* **Dataset section**
# # # # #
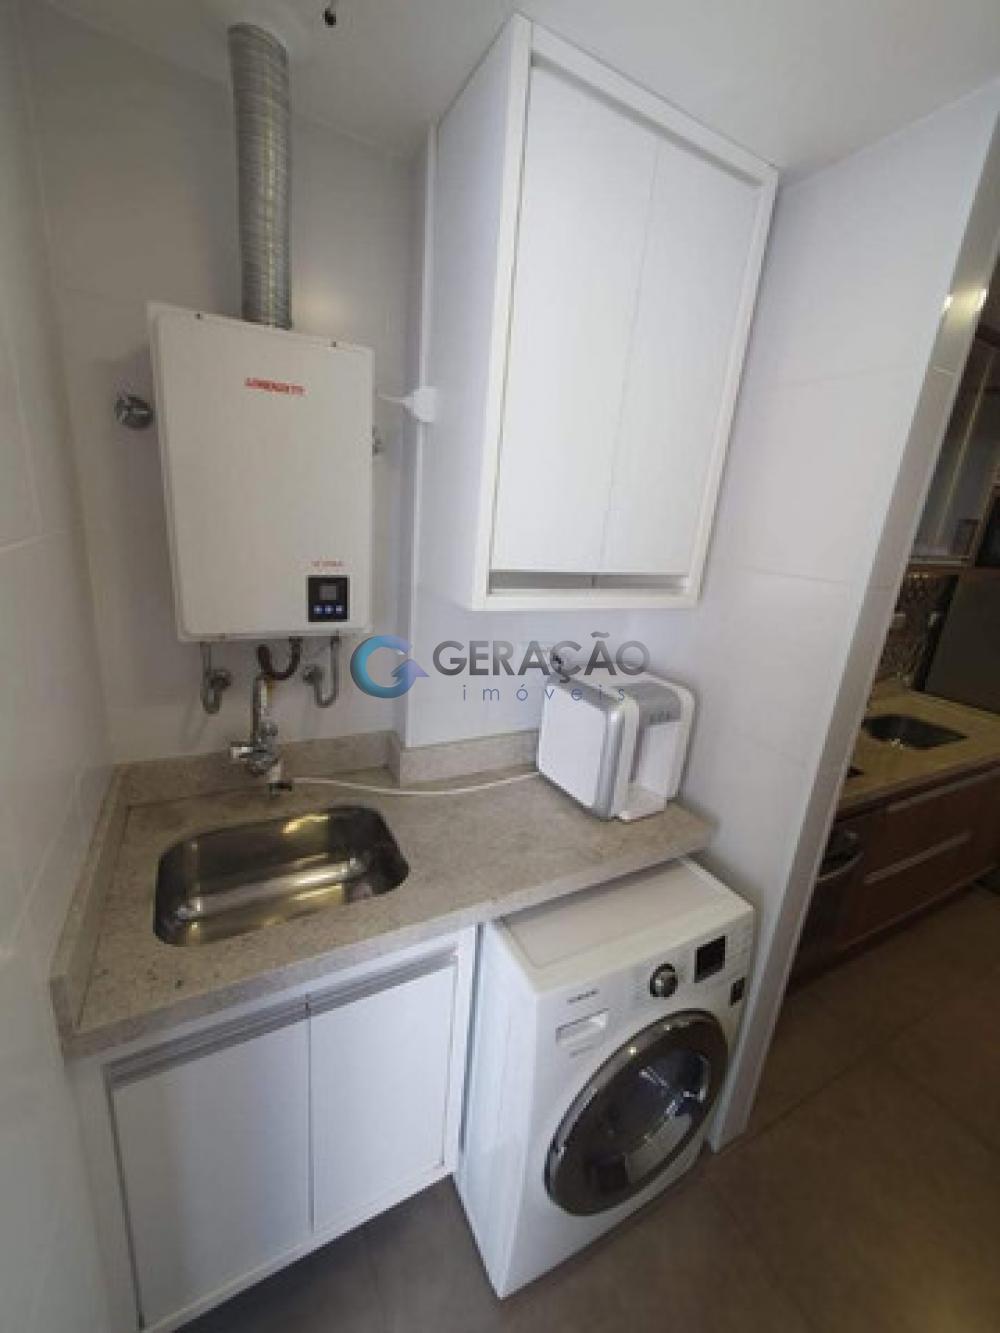 Comprar Apartamento / Padrão em São José dos Campos R$ 770.000,00 - Foto 12
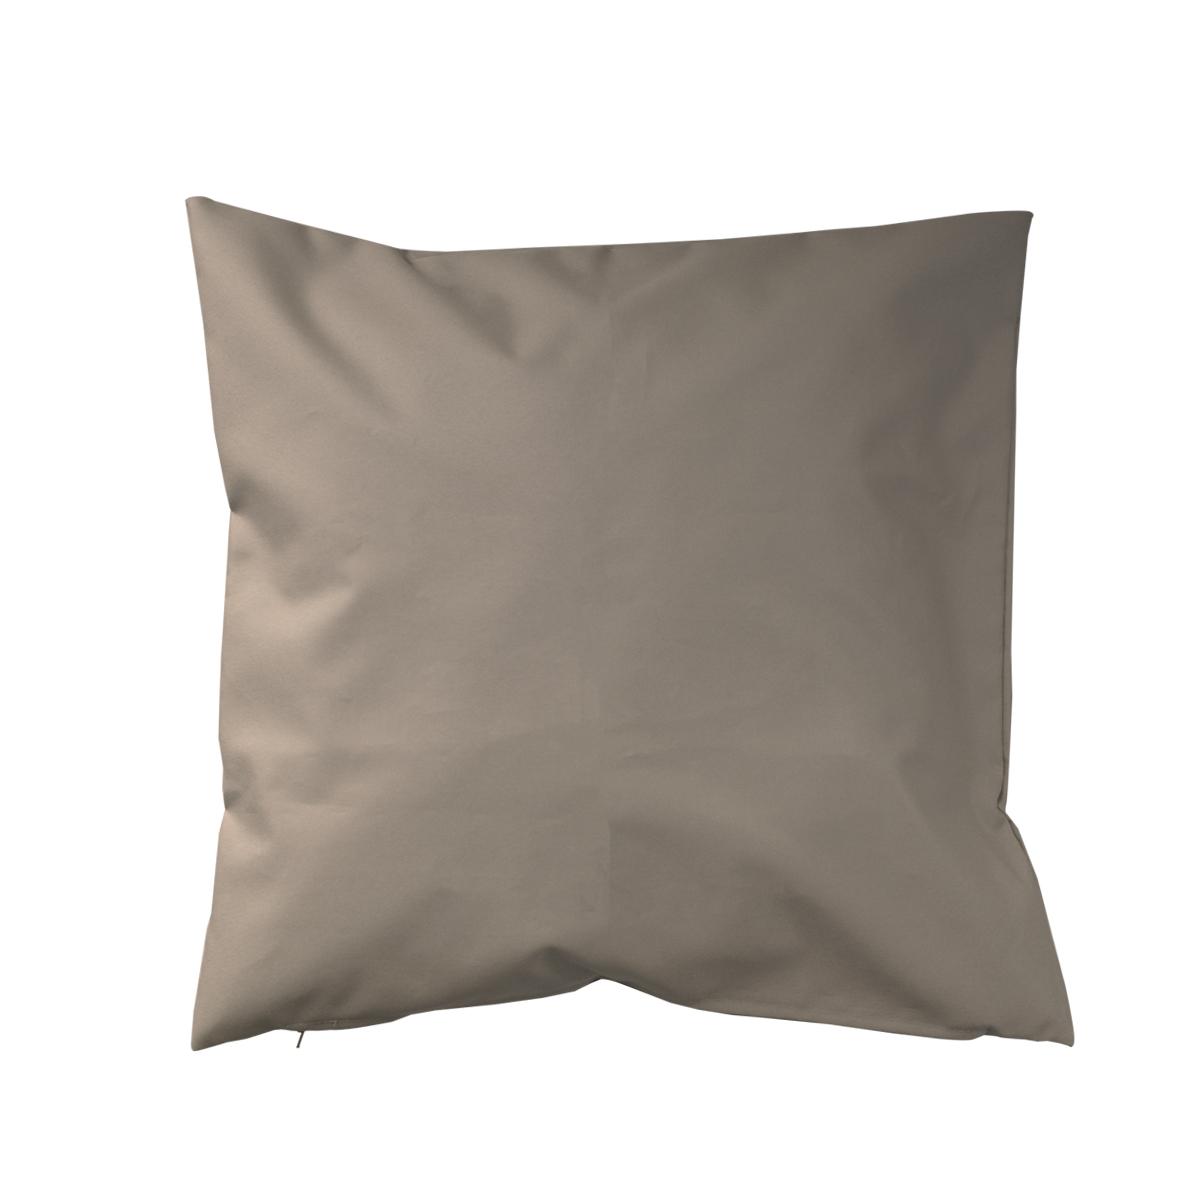 Housse de coussin d'extérieur en tissu outdoor - Taupe - 45 x 45cm
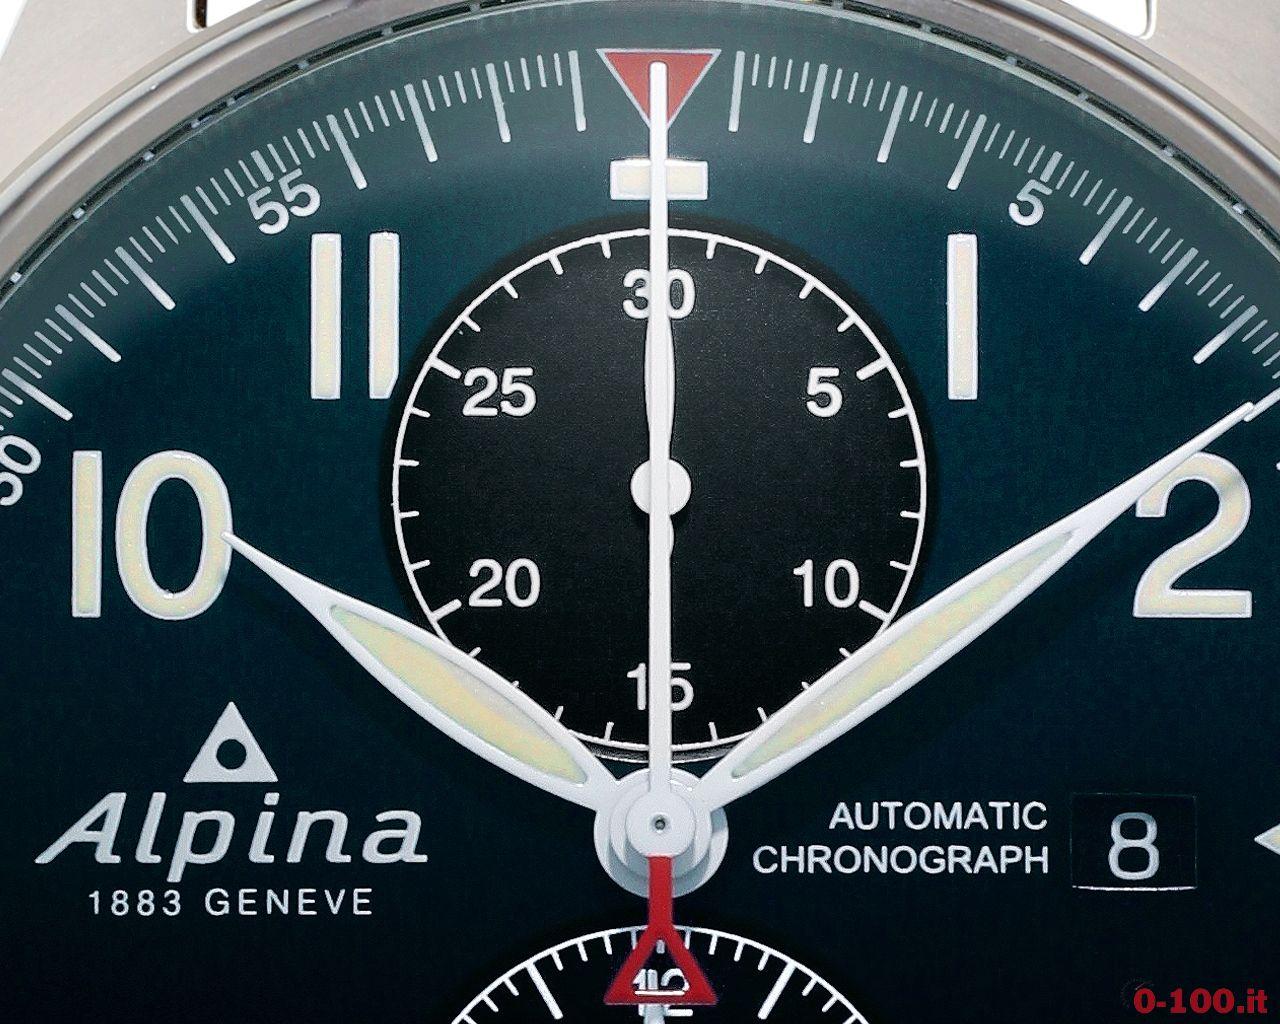 alpina-startimer-pilot-automatic-chronograph-prezzo-price_0-1002
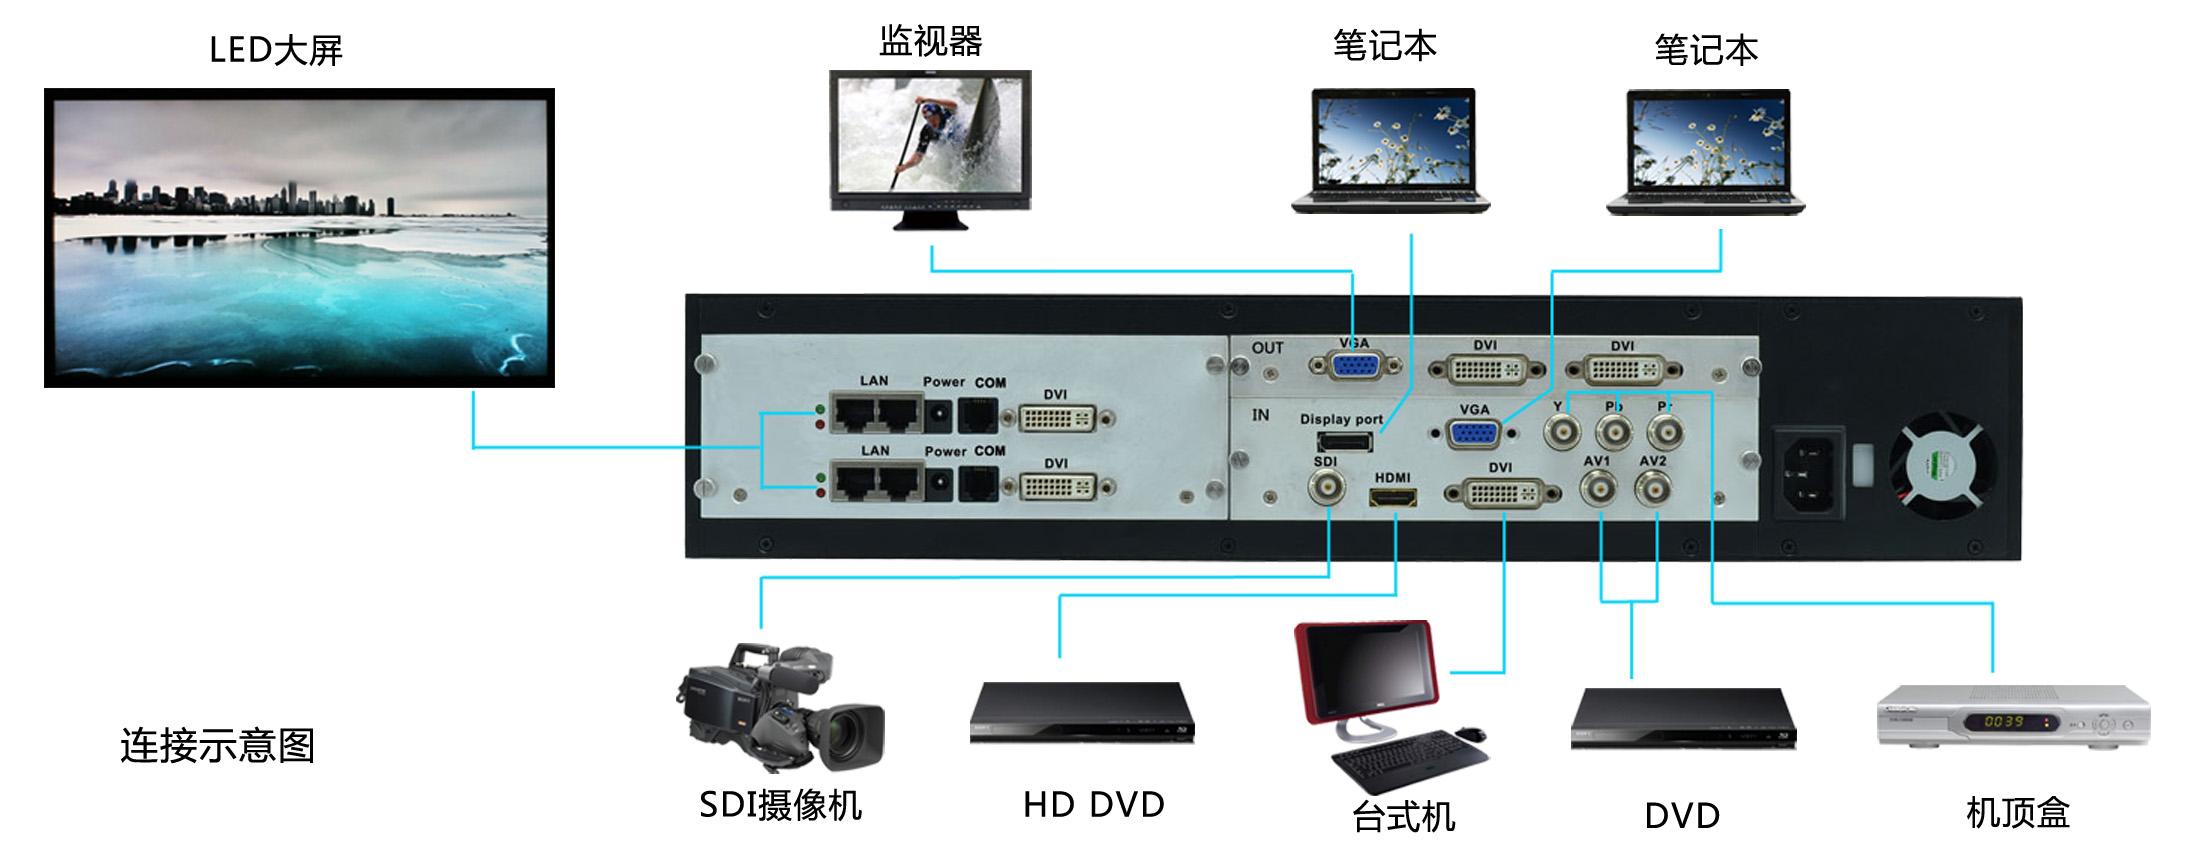 图片视频综合_如何安装led视频处理器
# # # # #
Leaving images out, please output every line of the data exactly.

* **Exercise solution**
 Comprar Apartamento / Padrão em São José dos Campos R$ 770.000,00 - Foto 12
 Housse de coussin d'extérieur en tissu outdoor - Taupe - 45 x 45cm
 alpina-startimer-pilot-automatic-chronograph-prezzo-price_0-1002
 图片视频综合_如何安装led视频处理器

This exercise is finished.